There are other sites which purport to allow free access to cases, but they're usually low-level scrapers and don't allow a full-enough view.
As an "information wants to be free" person, I find this entire saga fascinating.
Article about Tola'at people (Hebrew): https://www.themarker.com/weekend/2025-12-26/ty-article-maga...
It is one thing for the records to be publicly available, as they must be. It is a very different thing for every speck of material in them to be instantly available to anyone, anywhere, worldwide, for any purpose.
That's about 150 pages of material.
I have definitely gone over the limit for single documents in the past, although I've never been over the quarterly waiver limit. Judicial opinions and hearing trancripts often exceed 30 pages.
Consider cases like Cash for Kids. It potentially could have been caught a lot quicker if we had the data publicly available to see "How does this judge usually rule". Today, proving that a judge has is bias is pretty hard, but imagine if we could see "This judge always denies motions when the claimant or their lawyers are Irish".
Or consider dirty cops. Imagine being able to search all the drug arrests of a cop and finding out "Hmm, this cop is finding meth on everyone he pulls over". That's a valuable tool for the next victim of the cop that gets accused of meth possession. As it currently stands, we basically rely on the cop not forgetting to cover their cameras.
Having more data available makes it easier systematic analysis and mining a whole lot easier.
And for non-common law jurisdictions, even the UK level of publicity of judgments is rarely available - anonymisation is a prerequisite: https://homoki.net/en/2024/02/01/On_Anonymisation_of_court_d...
So, for many countries, it's not just that sealed documents are not accessible, many people in traditional democracies couldn't imagine and bear this level of publicity for every court document like you have in the US.
Any fee that is acceptable for "normal use" is not high enough to deter the likes of Google or the big AI developers.
Google, a company that custom develops specialized automobiles to regularly drive ~all the streets in the world for the purposes of having imagery for a mapping app. Google, a company that (before it even got really rich), developed custom book-scanning technology to scan all the books it could acquire.
The big AI providers are in litigation now because even licensing terms that prevent use are no deterrent, they just stole the content they wanted to train their models.
The fee won't deter the cases you want, it will only harm the rest of us.
people have already forgotten the lessons of all those mugshots websites.
The full dataset will be in private hands and available everywhere to everyone to do anything the moment this goes live.
I protect data for a living, cost asymmetry and proof of work are really the only tools we have.

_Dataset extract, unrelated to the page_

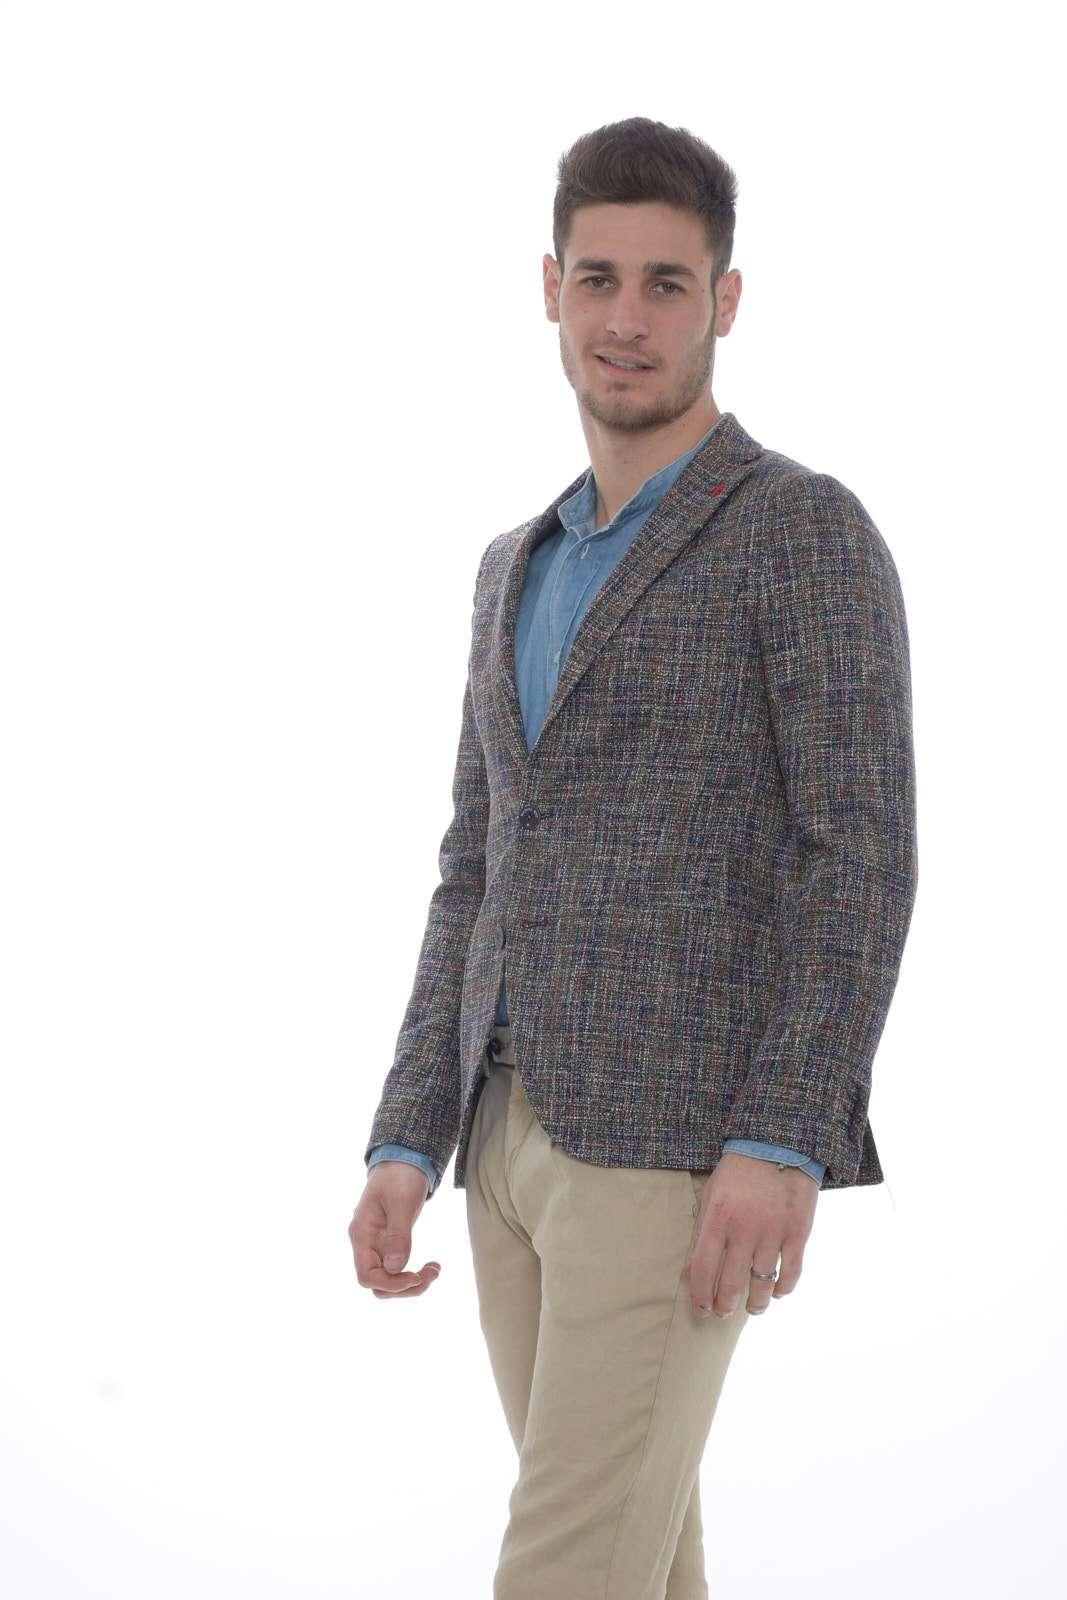 https://www.parmax.com/media/catalog/product/a/i/PE-outlet_parmax-giacca-uomo-Manuel-Ritz-2632G2038%20193165-B.jpg

If this goes live, the next time I get subpoenaed to testify for something I'm going to throw in so many random but couched accusations at people just to screw them over when the data goes live at scale via data brokers and torrent dumps.
Bill Jones (accused in court testimony of killing puppies) is requesting the HOA get off of his back.
It may be reasonable to put limits on free public access to records where there's a privacy concern.
The current system still doesn't sit right with me. Someone sufficiently wealthy has effectively unlimited access. Someone sufficiently poor with a lot of time on their hands might also have unlimited access. Everyone in the middle has a bottleneck.